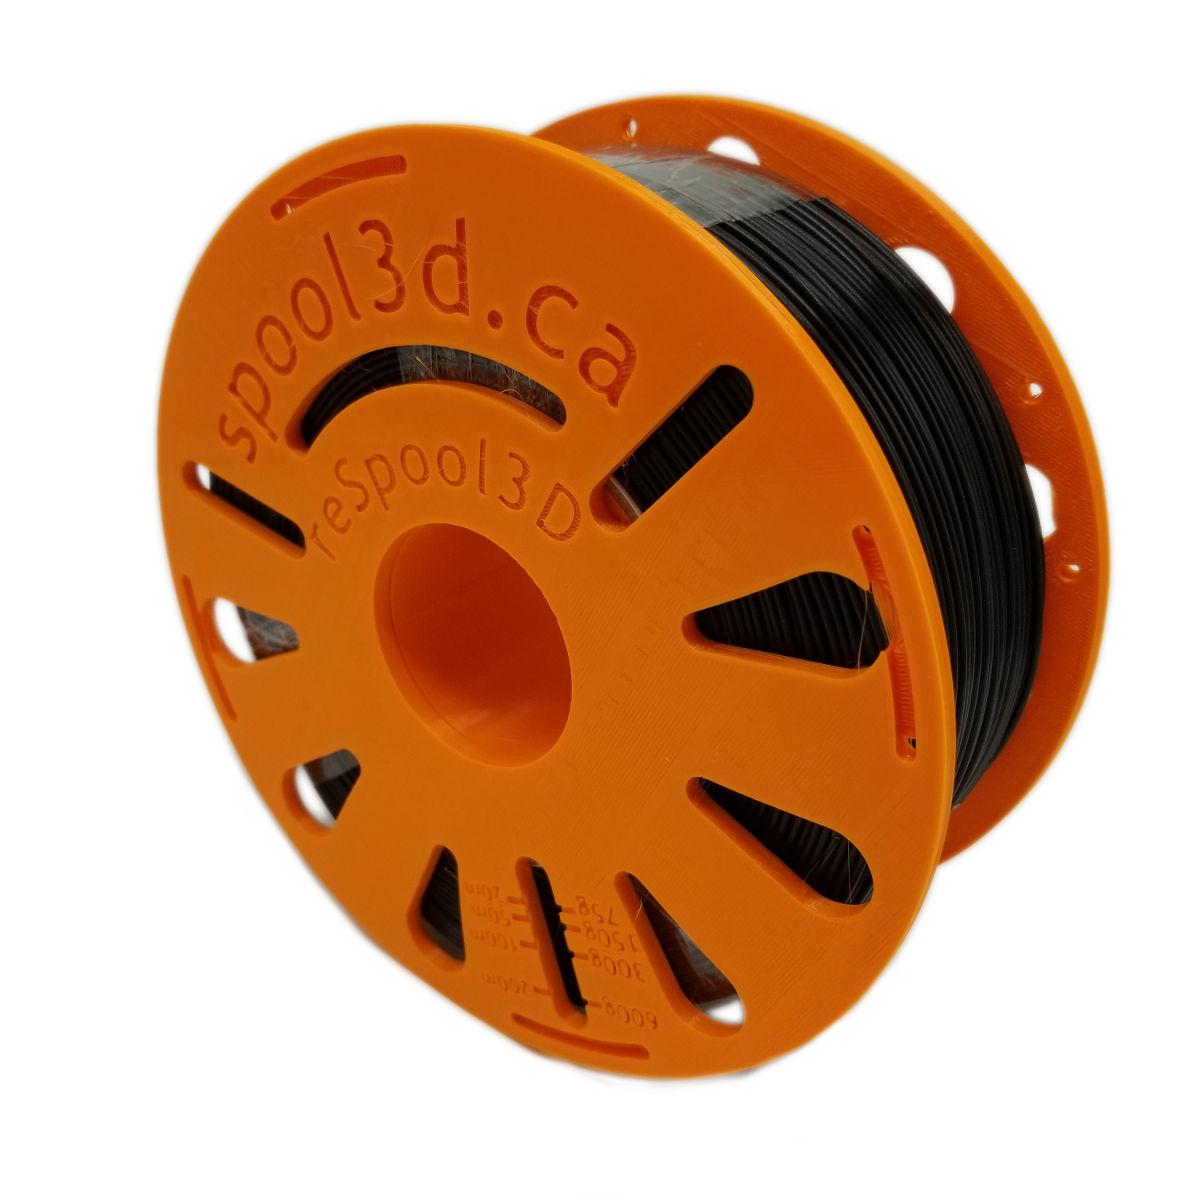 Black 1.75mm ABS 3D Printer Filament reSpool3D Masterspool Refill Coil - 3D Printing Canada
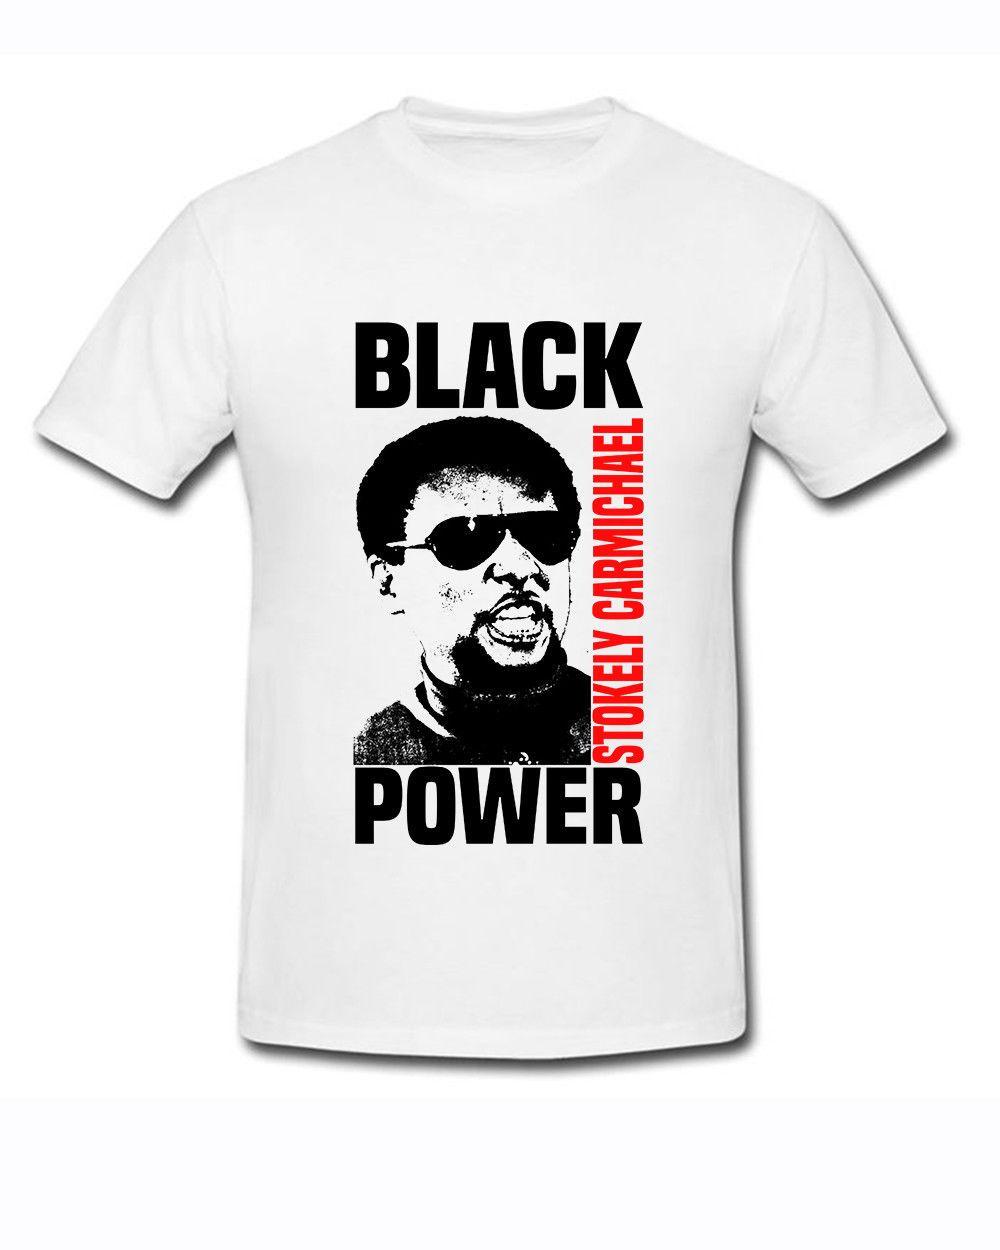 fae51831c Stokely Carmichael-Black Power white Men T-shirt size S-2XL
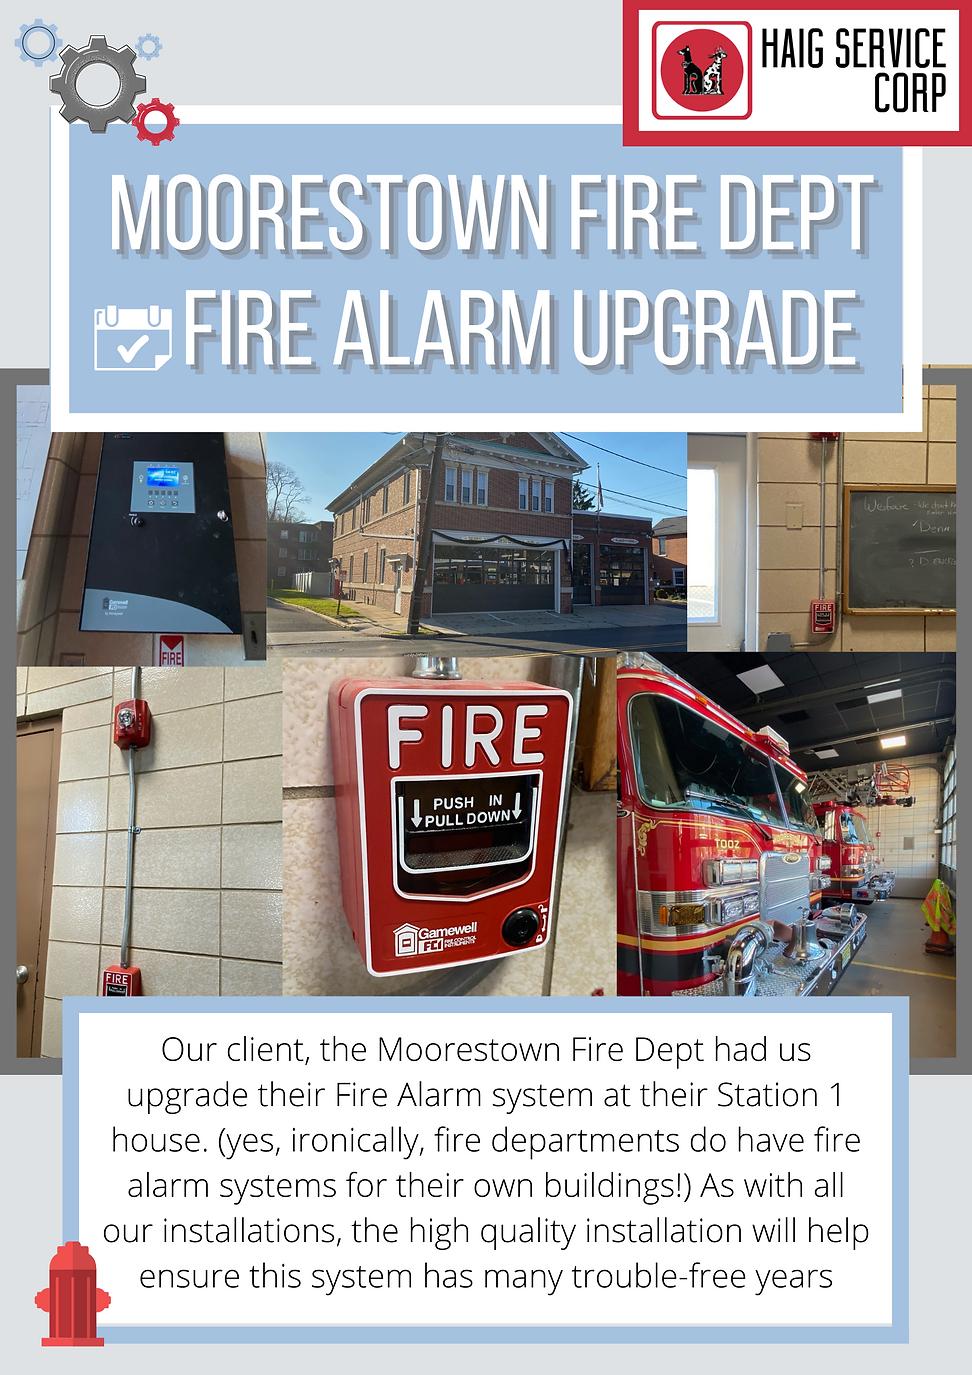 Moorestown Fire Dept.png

Brief. Pictures stay out of this copy. Retype exactly the lines from the one with "fae51831c Stokely Carmichael-Black" through the last line of the data, both ends included, and nothing more.

Written answer.
 fae51831c Stokely Carmichael-Black Power white Men T-shirt size S-2XL
 Moorestown Fire Dept.png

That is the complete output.